I am curious how agencies are approaching dual sequential defibrillation. How do these agencies get multiple monitors to the scene? How do they approach the risk of possible damage to expensive monitors? How do agency protocols approach dual sequential defibration?
 
I work in a rural agency in Colorado and we utilize Denver Metro Protocols. Our protocols do not specifically allow for dual sequential defibrillation, however with shock refractory V-tach or V-Fib our protocol suggests attempting a vector change. My agency recently acquired Life Pak 35's and our Stryker rep. told us that dual sequential d-fib is not a labeled use of the new Life Pak and suggested that there was a small chance of damage to the monitor with dual sequential. We work closely with a multitude of air medical resources who's protocols vary from ours and allow for dual sequential defibrillation. In a recent cardiac arrest I was on we had an individual who was in shock refractory v-fib and was also refractory to multiple doses of amiodarone. The air medical resource on scene of this call suggested attempting dual sequential defibrillation we attempted dual sequential using the new LifePak and the Zoll monitor that the flight service had without success. We attempted multiple dual sequential shocks and the patient was shocked probably a total of 10 times. Eventually the patient's rhythm degenerated to asystole resulting in termination of resuscitation.

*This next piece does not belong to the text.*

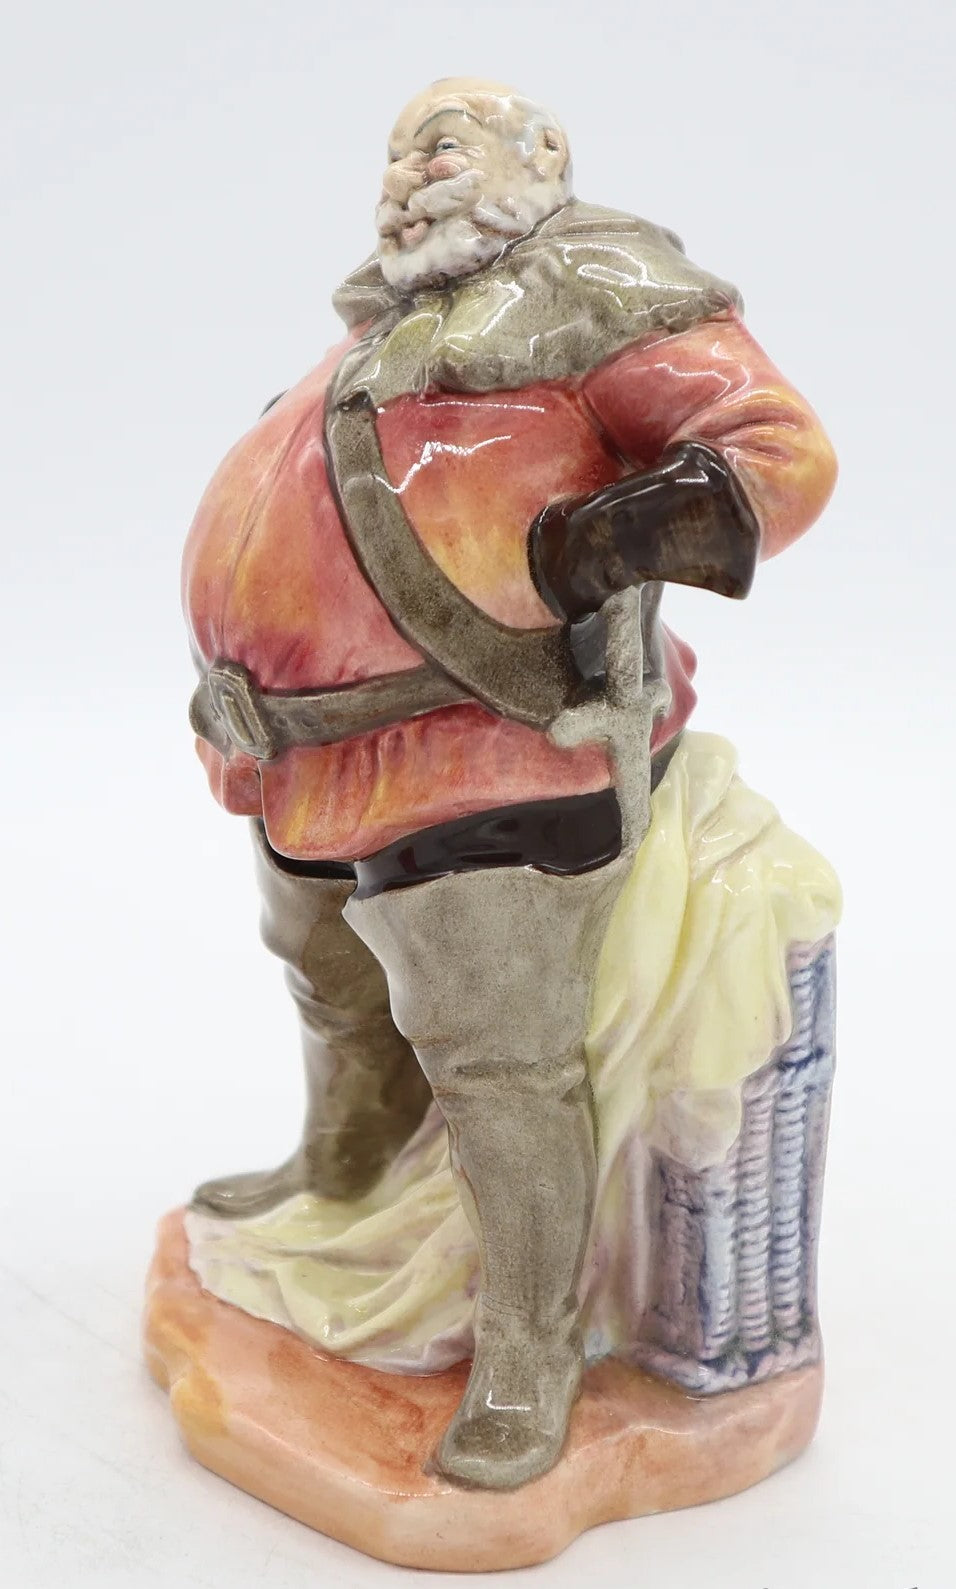 Royal Doulton Falstaff figurine hn3236 hand made and painted in England - Royal Gift

I am curious how agencies are approaching dual sequential defibrillation. How do these agencies get multiple monitors to the scene? How do they approach the risk of possible damage to expensive monitors? How do agency protocols approach dual sequential defibration?
In a decent number of systems in the US there are paramedics on both the ambulance and fire engine that respond to medical calls so there would be 2 full sets of ALS gears. In some systems there would be a paramedic on the ambulance and then a paramedic supervisor in another response vehicle.

While it is not current being utilized in my system, I have not seen any case reports or actually heard stories from Zoll or LP about monitors actually receiving damage from doing it. There are many areas where DSD is in the protocols with more getting it added everyday. I would imagine if there was actually monitor damage occurring, Zoll and LP would put out memos.
 
I don’t know that there will ever be enough data to truly evaluate the efficacy of DSD.. Persistent ventricular rhythms are so few and far between..
going out on a limb here but I suspect that with the management of CAD and ischemic cardiomyopathy becoming more sophisticated beyond surgery (CA stenting/drugs/electrophysiologic intervention) it will become more and a more of a thing going forward. Sicker and sicker people are living longer and longer. We see people in the OR for elective stuff that no one would have touched with a 10 foot pole even 30 years ago and they do really well. Get ready...it's getting harder and harder to die...
 
going out on a limb here but I suspect that with the management of CAD and ischemic cardiomyopathy becoming more sophisticated beyond surgery (CA stenting/drugs/electrophysiologic intervention) it will become more and a more of a thing going forward. Sicker and sicker people are living longer and longer. We see people in the OR for elective stuff that no one would have touched with a 10 foot pole even 30 years ago and they do really well. Get ready...it's getting harder and harder to die...
You may be right there, time will tell.

Local major city (30+ ALS transport units, 30+ ALS engine companies, over 120k ems runs annual) did a DSD trial a few years ago. Numbers are fuzzy, but I believe it was something like 30 cases over 2 years with no appreciable improvement in outcome - abandoned the study. Now, we all know with a sample size of 30 it's incredibly difficult to get meaningful data, but the bigger takeaway is that with that run volume, they only had 30 cases that met criteria.

Big picture - when your heart stops, there is an 89% chance you are just dead and only a 7% chance you'll leave the hospital with any meaningful existence, numbers that are essentially unchanged for many years.